University of Miami vs. Florida State University in 'College Football 25'
College Football 25

Over the last decade, I fell out of love with college football. I grew up in Miami during the latest heyday of The U, and loved the variety and passion that comes with the sport throughout my teenage years and early 20s, but that ended sometime around 2014. I could say that it had to do with concerns about player safety, or the horrid way that the NCAA treated athletes; it also probably had something to do with the fact that Miami stopped being good. If I'm being honest with myself and with you, though, I can admit that a huge part of why I no longer followed the sport is that there wasn't a new college football video game for 11 years.

As a self-proclaimed capital-G Gamer, sports video games are the easiest route for me to stay invested. That is doubly true for a sport as expansive as college football, with its hundreds of schools and thousands of players. If I enjoy playing with a particular player or a particular school, I am more likely to follow their non-virtual version as a fan from a distance. (This is why I have a soft spot for the Utah Utes, for example.) In the time since NCAA Football 14 released in the summer of 2013, I have lost that easy connection, and it's made it much harder to follow college football at all. I have fired that game up in the intervening 11 years, downloading community-created rosters of the most recent seasons and even trying a couple of Dynasty rebuilds. Hell, the Defector Twitch channel was host to Heisman-winning quarterback Dee Fector, the large and doofy lad who led the University of Minnesota to its first national title since 1960.

It wasn't the same, though. Video games have advanced since 2013, and the combination of decade-old graphics and a game that was released the year before the emergence of the modern College Football Playoff made for a stilted and sometimes actively uncanny experience. It was college football, but it wasn't College Football. That changed last week, though, when the long-awaited College Football 25 finally hit the open field. EA Sports has lost almost all of its public goodwill in the years between releases—blame Ultimate Team modes across all of its games; these modes exist to part a fool with his money, and they are very successful—but I, and millions of others, were not just willing but eager to believe the hype that this would be the game we had been waiting for.
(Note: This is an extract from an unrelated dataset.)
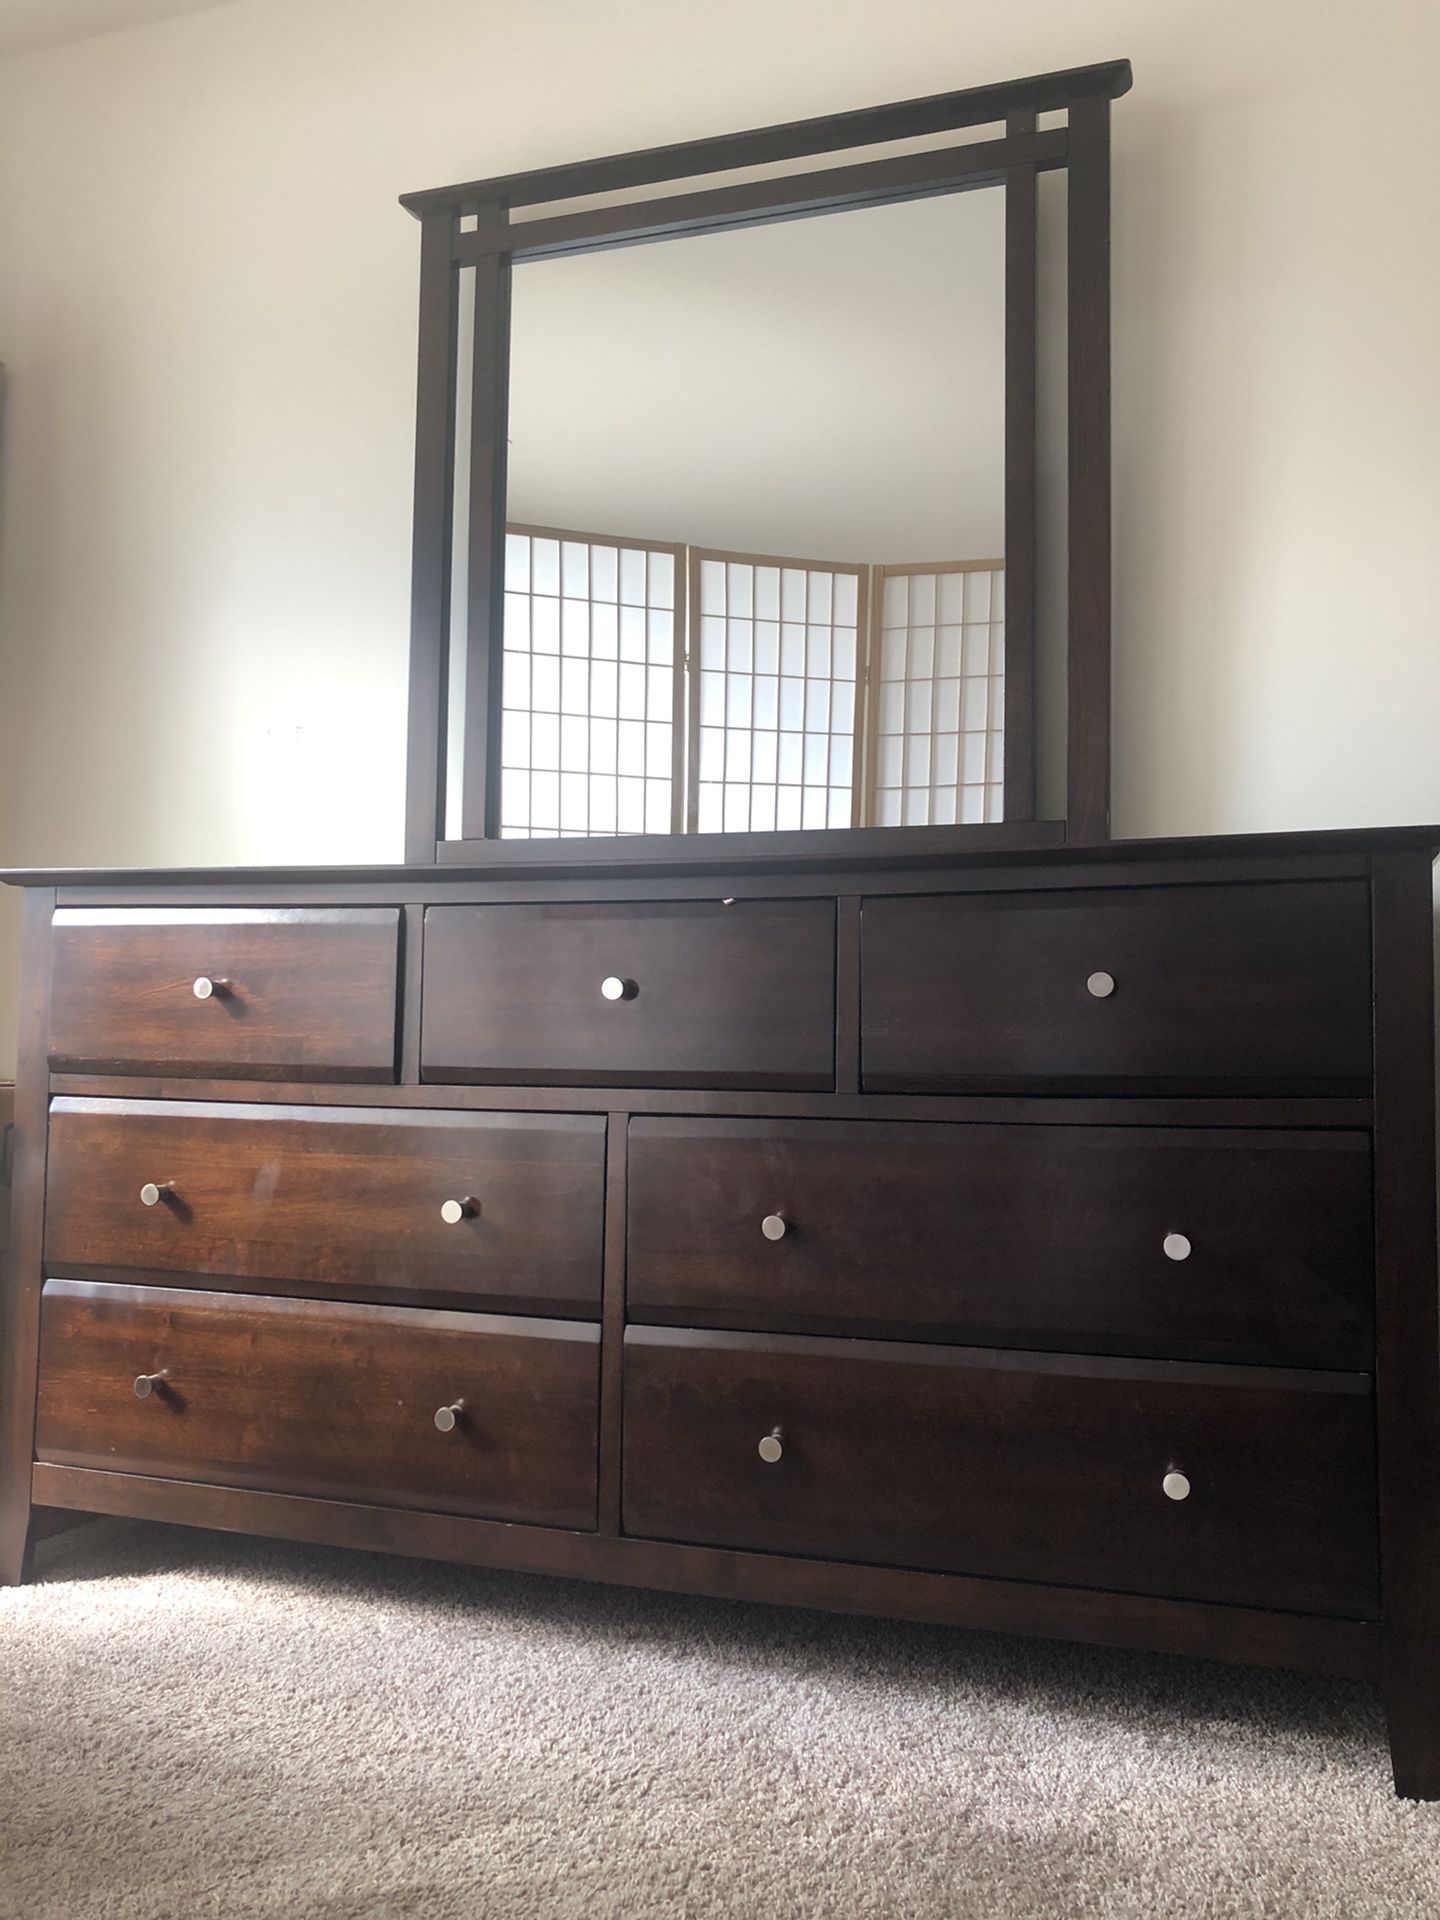 Bedroom Set (Dresser, Queen Bed, Nightstand) Must Sell ASAP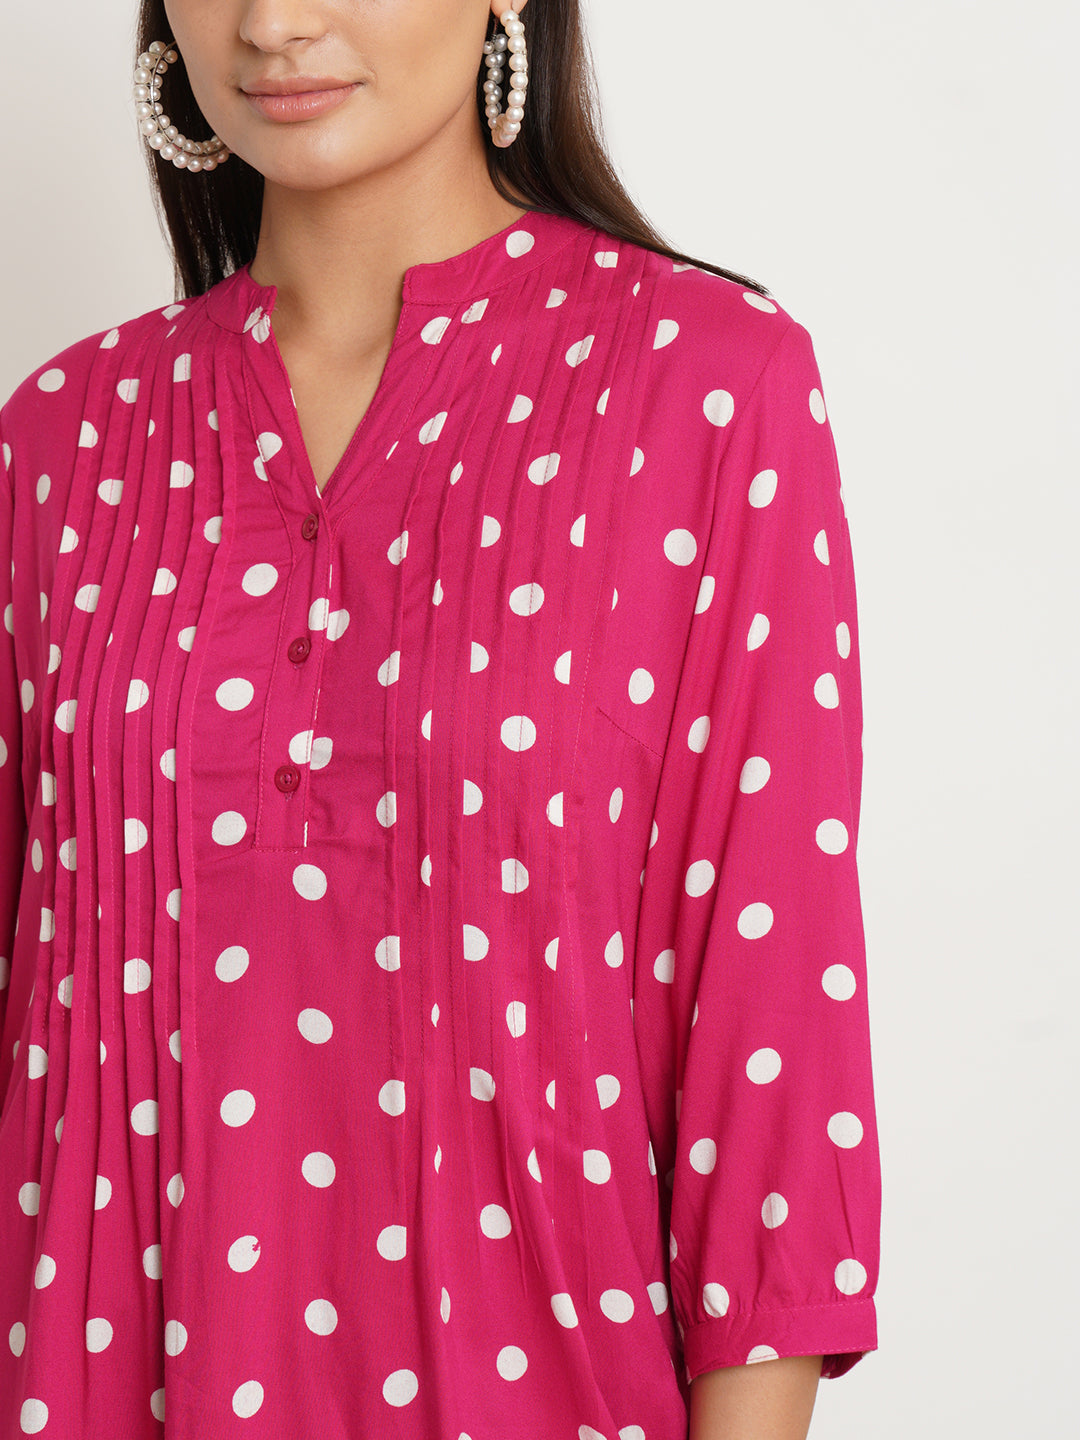 Women Red & White Polka Dot Print Plus Size Top

Is it? Well, it is a new college football game. And yes, the graphics are gorgeous, among the best in any game I've played and certainly the best for any sports game. But almost immediately upon loading the game up for its early access period last Monday—I had waited 11 years, so I was more than willing to pay $30 so I wouldn't have to wait one more week—I realized two things that have made my time in CFB 25 less than the sum of the parts of its hype. First, I realized that I was about to be humbled beyond my wildest beliefs as a gamer. Second, I realized that while 11 years was a long time, it maybe wasn't enough for this specific edition of the game. And yet: I have put 38 hours into the game over that week, and I wouldn't say I regret any of it.

Let's get the humbling out of the way early. CFB 25 is hard. It is really hard. I joked with a friend that it is the Sekiro of sports video games, and in the same way that FromSoftware game made me realize that I actually wasn't as good at action games as I thought, CFB 25 has revealed that a decade away from having to read defenses and make the correct play calls and all the other things that make a person good at football games had primed me for a rude awakening. I used to not just play but dominate NCAA Football 14, at my usual All-American difficulty level and sometimes even on Heisman, the game's hardest challenge. I figured CFB 25 would be much of the same, even if I did expect a bit of a learning curve.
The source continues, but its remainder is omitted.